Wendy Ju, a professor at Cornell Tech, discusses her research on implicit interactions in human-robot interaction and autonomous vehicles. She emphasizes the importance of understanding unstated, nonverbal cues in design, and advocates for early-stage testing using methods like Wizard of Oz to improve how autonomous systems communicate and behave. Key insights include how people don't always make eye contact with drivers, challenging common assumptions, and the need for systems to signal their intent proactively.
Summarized by Podsumo
The 'ghost driver' method was invented to study how pedestrians interact with autonomous vehicles by having a person in a car seat costume drive, revealing that people often don't look at the driver and instead rely on subtle cues like deceleration.
Implicit interactions are defined by tensional demand (attention) and initiative (reactive vs. proactive), with successful systems moving between foreground and background to avoid overwhelming users.
Autonomous vehicles get rear-ended 10 times more often than human drivers due to poor perception and modeling of human intent, highlighting a need for better signaling and testing.
Testing early with prototypes, simulations, and deception (e.g., Wizard of Oz) is critical to uncover hidden needs, like a robot needing to lift before moving to signal its intent.

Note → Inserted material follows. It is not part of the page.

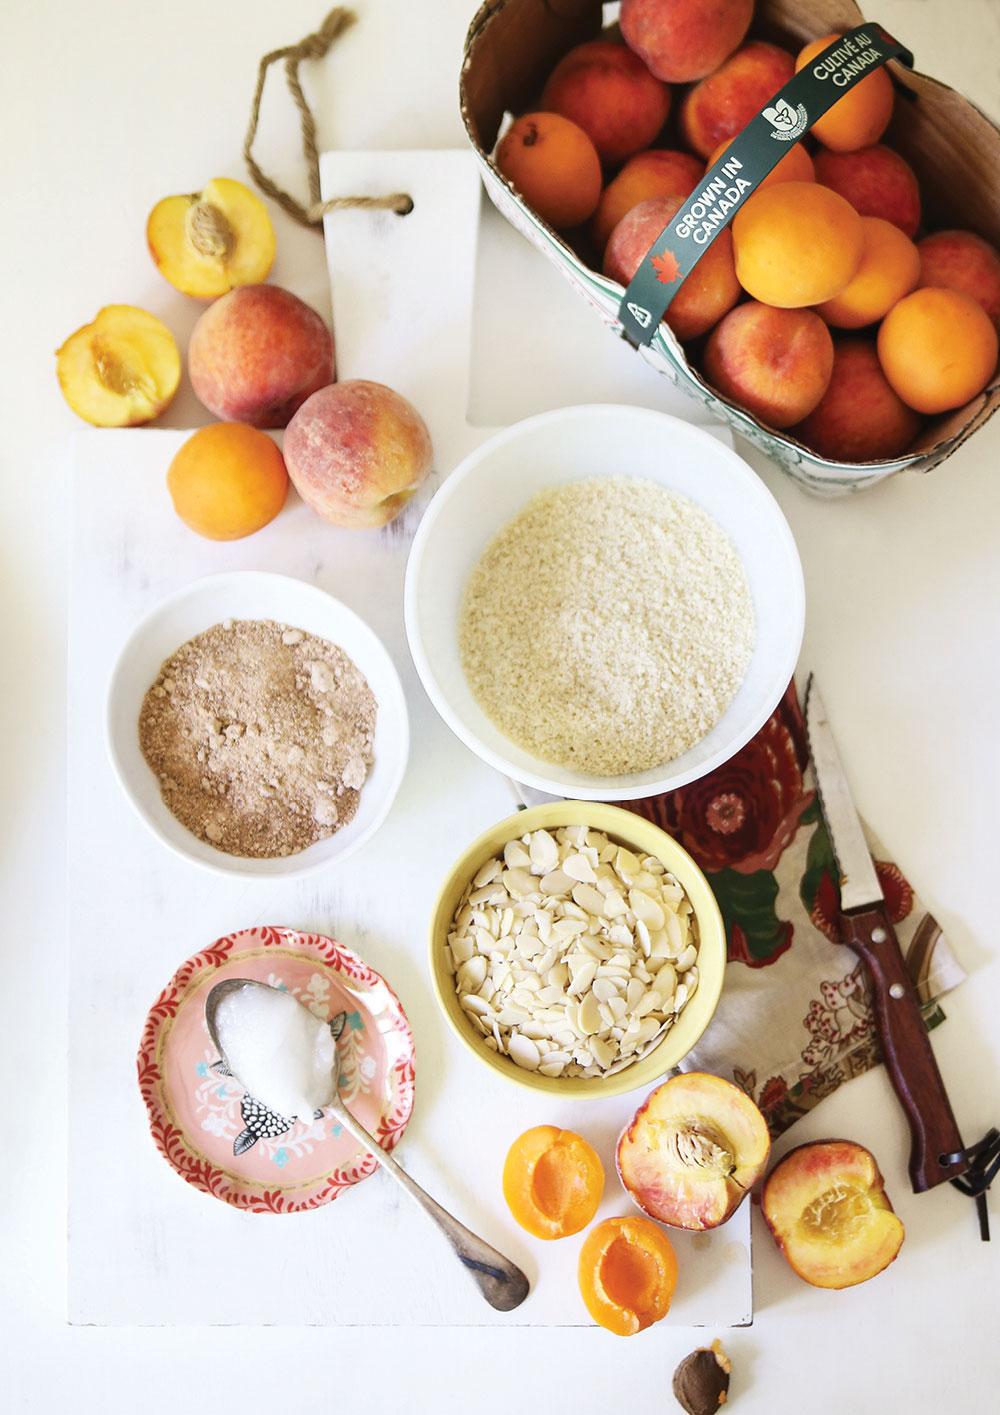 Grain-Free-Peach-Apricot-Crisp-Crumble-Pure-Ella-Leche3

Wendy Ju advocates for a new design department at Cornell that bridges disciplines to address real-world problems, seeking students with strong vision and cross-disciplinary skills.
"There is a way in which the way that things transpire is based on an understanding which is different than reality. So there's that level of what we could call deception."
"The thing that we all know and we all remember that we all do when we interact with drivers at the intersection turns out not to be the normal interaction. That is the error recovery."
"I don't think academia is actually well set up for design to make research contributions, which is what I've wanted for a really long time."